She was the girl, the woman, I had stood with coming up in the elevator more than once—months in fact before meeting her (for such is the intimacy of apartment houses)—hearing the elevator coming apart until the current super told me one day not to worry, it was the slack in the cables rattling. But that day it rattled like wind in a house and Maureen, whose name I didn’t know, had a spray of baby’s breath in a cone of green paper in one hand, a knapsack on her back, an odd sweet smell like a foreign food that could never go bad—and I said, "Baby’s breath, aren’t they?" and Maureen smiled like a Midwestern girl and nodded but didn’t say anything, perhaps feeling me too close or finding nothing in the way of words demanded of her at that instant. Baby’s breath delicate flourish of snowdrop flowers.

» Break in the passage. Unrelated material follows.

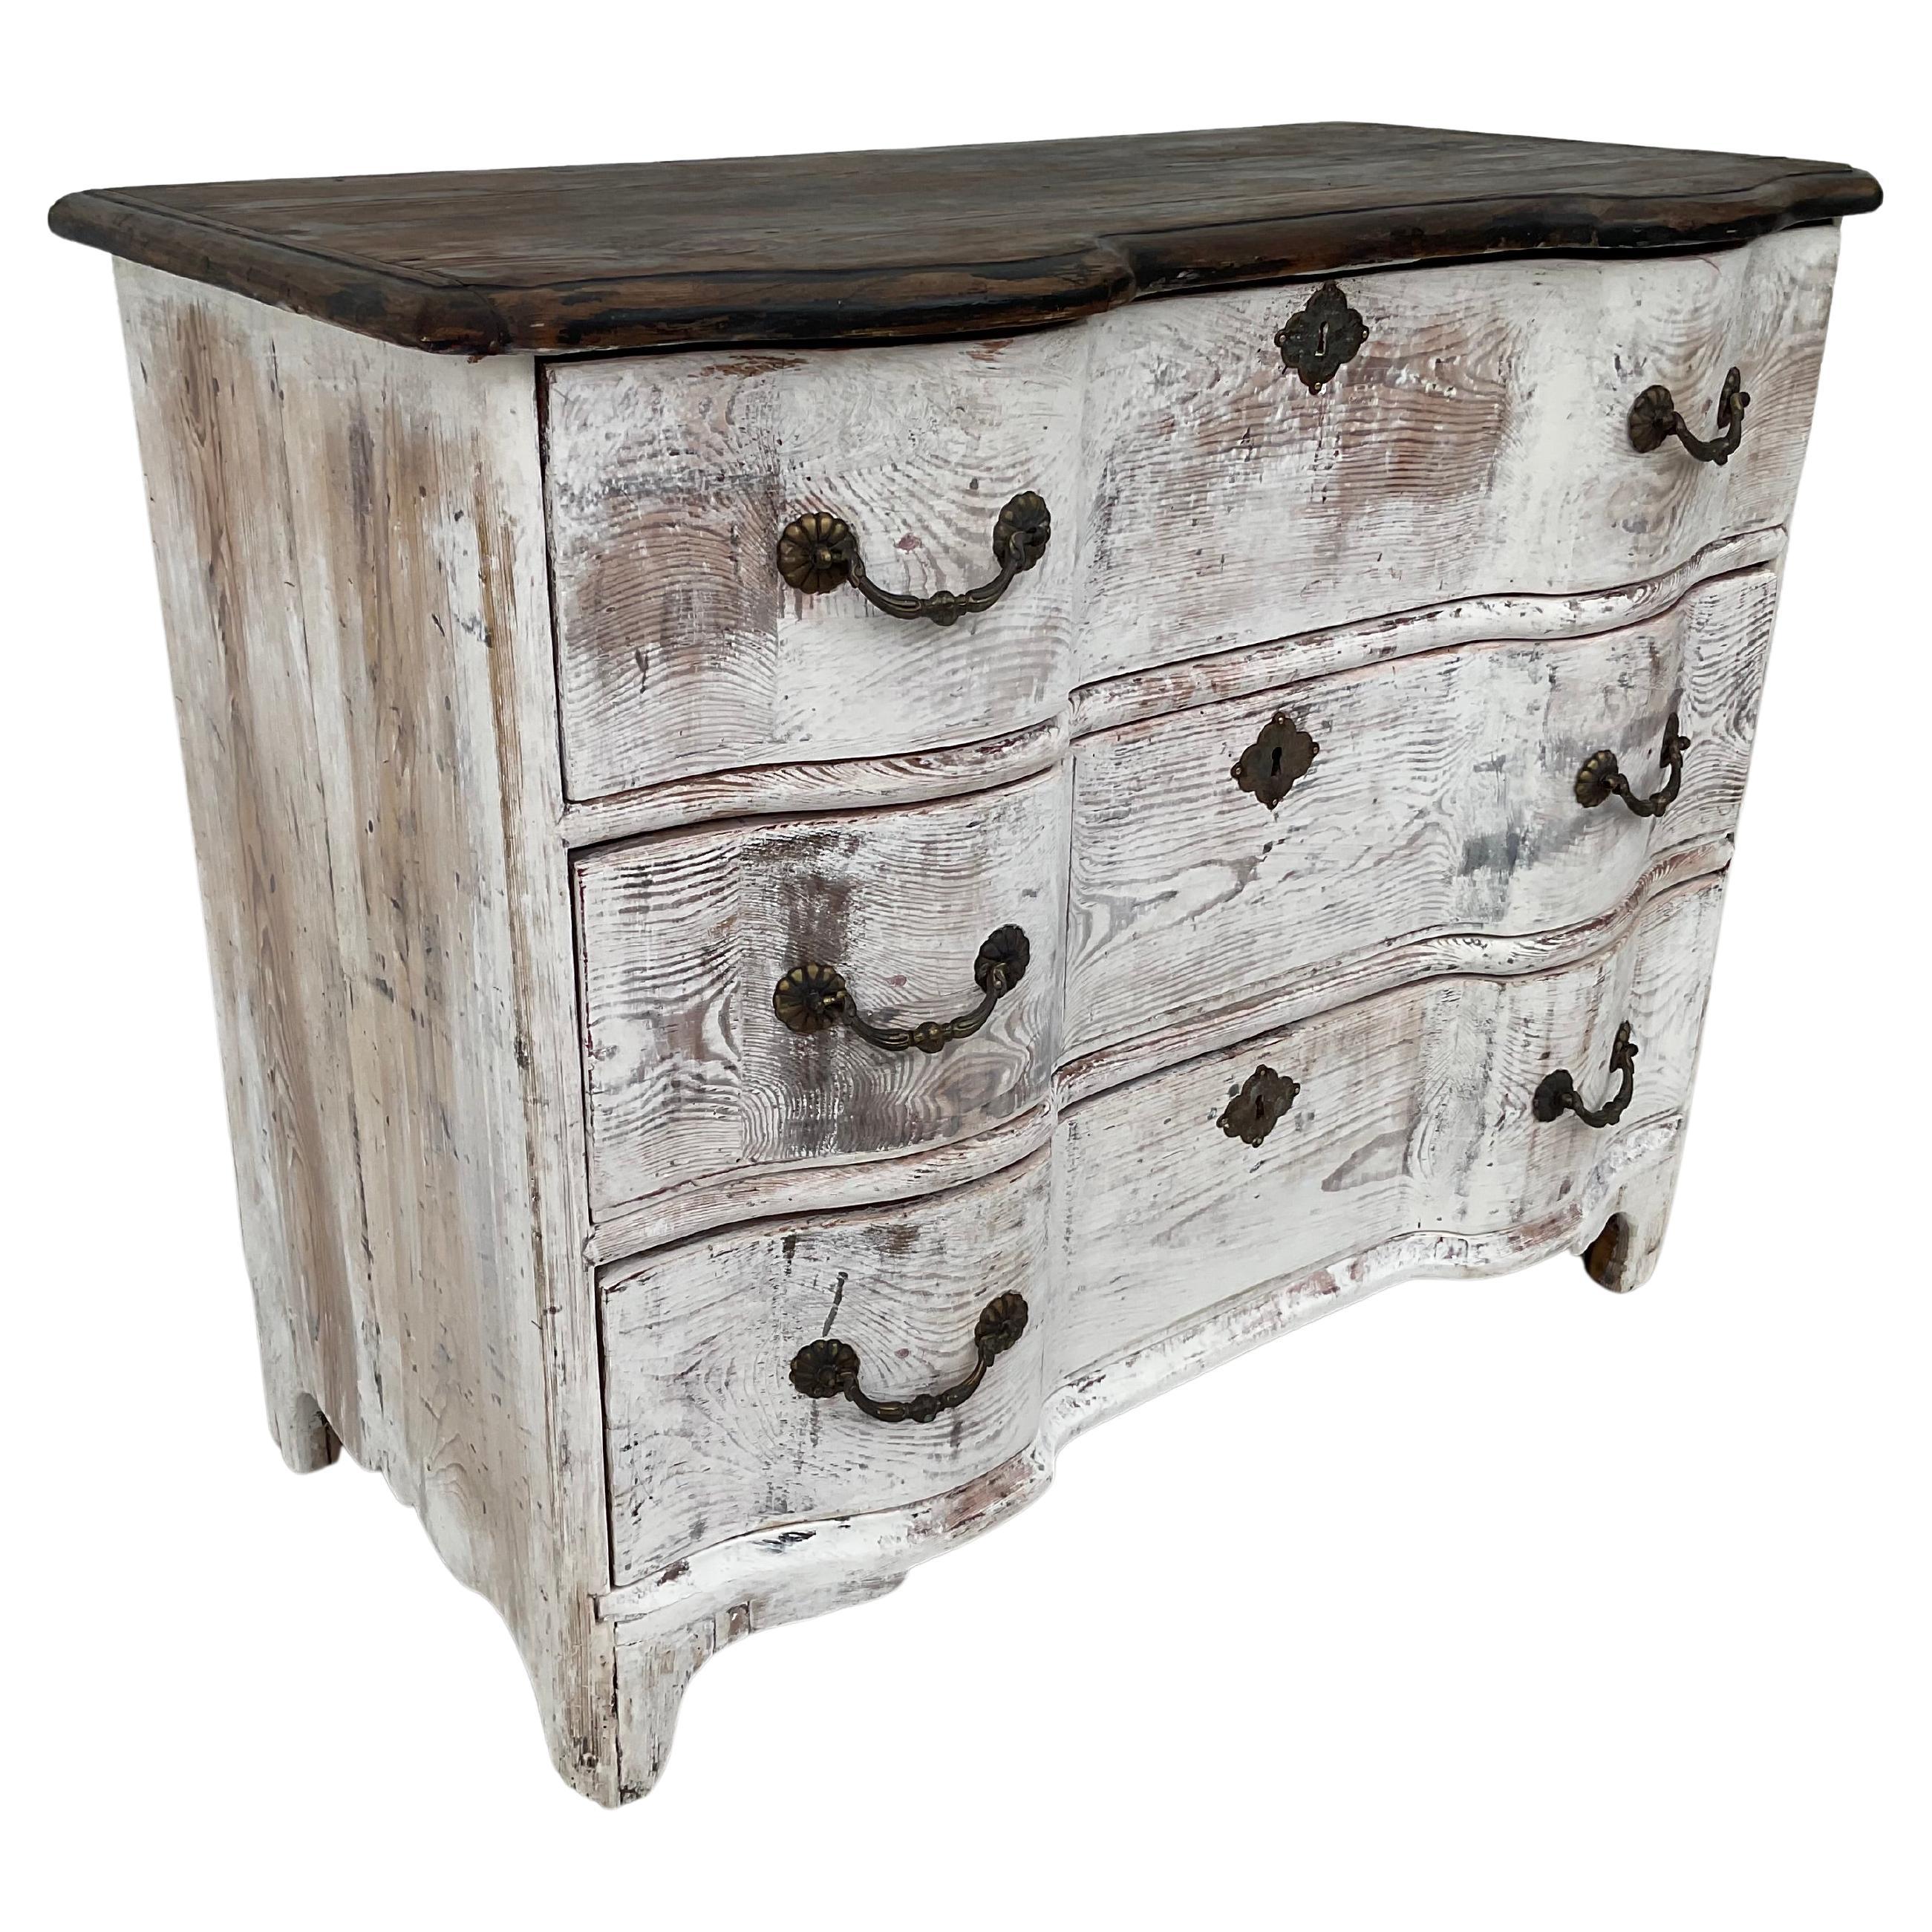 18th Century Dutch Rococo Period Serpentine Front Painted Commode For Sale

I wanted to hold her, just as at later times I wanted to hold her down or shut her up—oh damn me, did she really talk much except in dogmatic speeches at intervals? And later I wanted to hold her back, because she followed her beloved Leader but always went too far. To where she wasn’t following her beloved Leader any more, but herself, however you do that. Yet still purchased baby’s breath, for that day in the elevator while she was going to see her beloved guide she was bearing those flowers for herself as well.

Later I heard that a small group of workshop friends, initiates, some strong hilarious resourceful women, who had long since seen that complaining in words establishes a historical record that can stand in place of doing something, planned a fairytale game of sorts which would subject the next man who entered that famous apartment to rape—"light rape," but overwhelming and thorough but "good" rape.

I did not ask what this would amount to, because I saw the apartment in question visited for so many hours a day of every week by the friends of the Leader. This person ran around like a child doing somersaults usually with nothing on, listened like the most shrewdly attentive mother to the person behind the story, and made tea but had long since stopped making meals and bringing them out of that kitchen into her large furnitureless salon.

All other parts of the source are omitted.